All told, pretty decent, but a few problems. Oh, and I can see a lot of Bob coming out in Dave there, which is always fun to see!


----------



## MJS (Apr 4, 2011)

Thanks for the reply Chris! 

For the most part, I thought the tech was pretty solid.  I like the idea of control, and this is something that I've said myself, many times.  IMO, many times, people tend to focus more on a disarm, rather than the control.  The way he was controlling the arm, is just like what we see with Karl Tanswell, and the RedZone stuff.
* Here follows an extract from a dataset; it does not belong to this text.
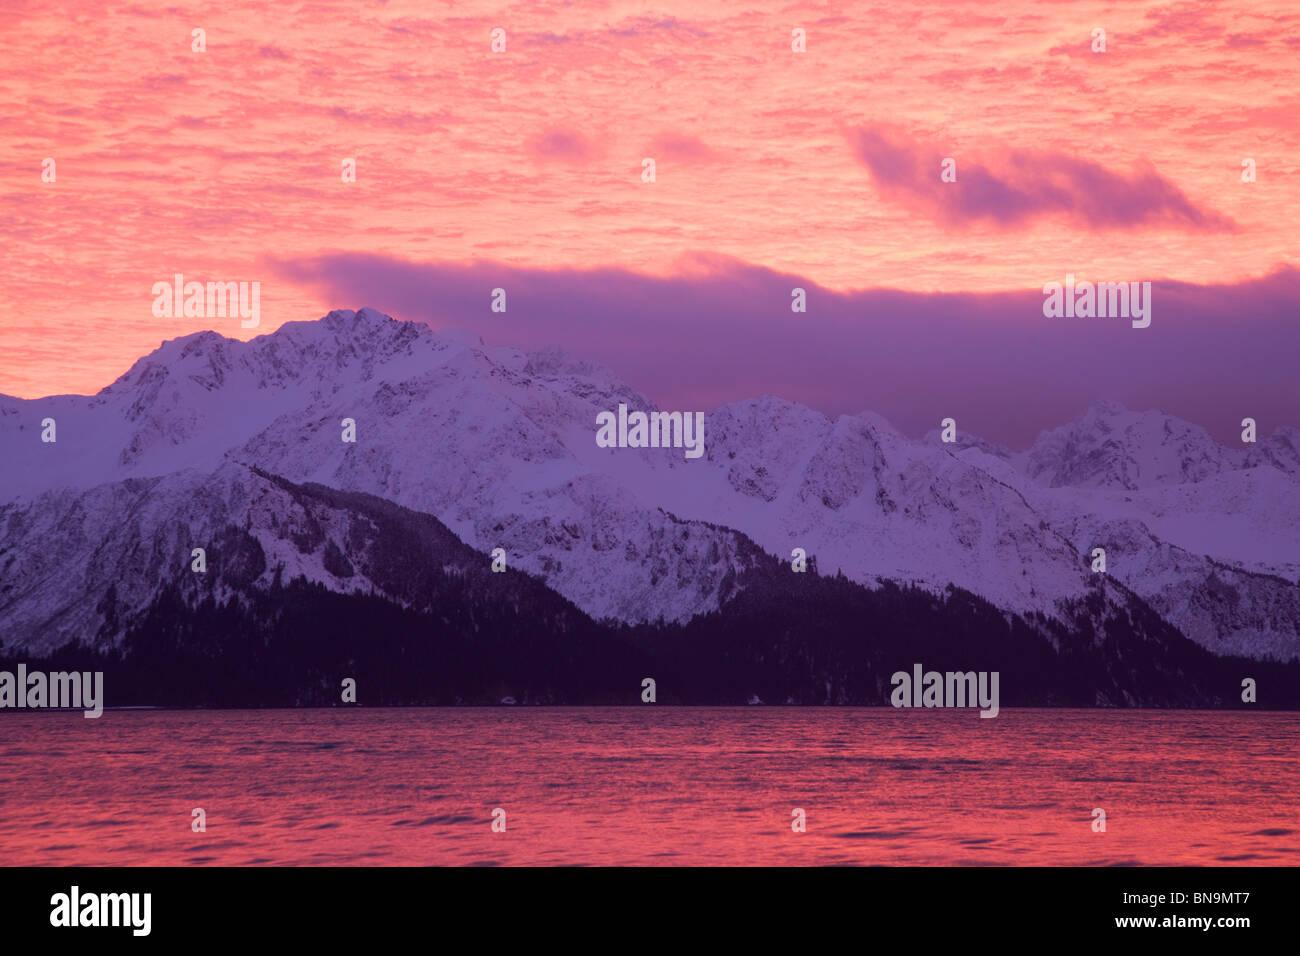 Resurrection Bay at sunrise, Seward, Alaska. - Stock Image

What I didn't like was when he went to the ground.  Of course, if you have to go down with the guy, then so be it, but IMO, you better have good control, otherwise, you're potentially putting yourself in a very bad position.  Furthermore, I wish that he was more cautious with the control, when he was on the ground.  That blade was very close to his leg.  If you dont have good control, that guy could start cutting.


----------



## K-man (Apr 4, 2011)

Coincidently I participated in a 6 hour unarmed vs knife workshop at the weekend. We trained a similar scenario but with a leg sweep to take down rather than the one shown. The one shown is relying a lot on strength. Personally I would like to see some head shots, fists or elbows before worrying about taking the knife. Again, in this scenario, he would have a lot of trouble with that disarm against a stronger opponent. 
I think they are teaching that type of take down because it is simple and easy to teach. The ones I teach are slightly more complex leading into armbars but after training for a while, they flow. The opportunity for two versions of arm bar appear at the 4.00 mark in the video, one over the shoulder with the left arm, or across the chest basically from the position shown. Either way, I'm going to slip in several strikes at that point. :asian:


----------



## ATACX GYM (Apr 5, 2011)

Robert Bussey and Bussey Combatives=YAY!!


----------



## Chris Parker (Apr 6, 2011)

K-man said:


> Coincidently I participated in a 6 hour unarmed vs knife workshop at the weekend. We trained a similar scenario but with a leg sweep to take down rather than the one shown. The one shown is relying a lot on strength. Personally I would like to see some head shots, fists or elbows before worrying about taking the knife. Again, in this scenario, he would have a lot of trouble with that disarm against a stronger opponent.
> I think they are teaching that type of take down because it is simple and easy to teach. The ones I teach are slightly more complex leading into armbars but after training for a while, they flow. The opportunity for two versions of arm bar appear at the 4.00 mark in the video, one over the shoulder with the left arm, or across the chest basically from the position shown. Either way, I'm going to slip in several strikes at that point. :asian:


 
Hey, K-Man, was that the Integrated Combat Systems workshop (Peter Sciarra)? I was hoping to get to that, but work interfered unfortunately. How was it? There were a number of things I saw in the videos that had me less than convinced, but the approach seemed to have a fair bit going for it as well.


----------



## K-man (Apr 6, 2011)

Chris Parker said:


> Hey, K-Man, was that the Integrated Combat Systems workshop (Peter Sciarra)? I was hoping to get to that, but work interfered unfortunately. How was it? There were a number of things I saw in the videos that had me less than convinced, but the approach seemed to have a fair bit going for it as well.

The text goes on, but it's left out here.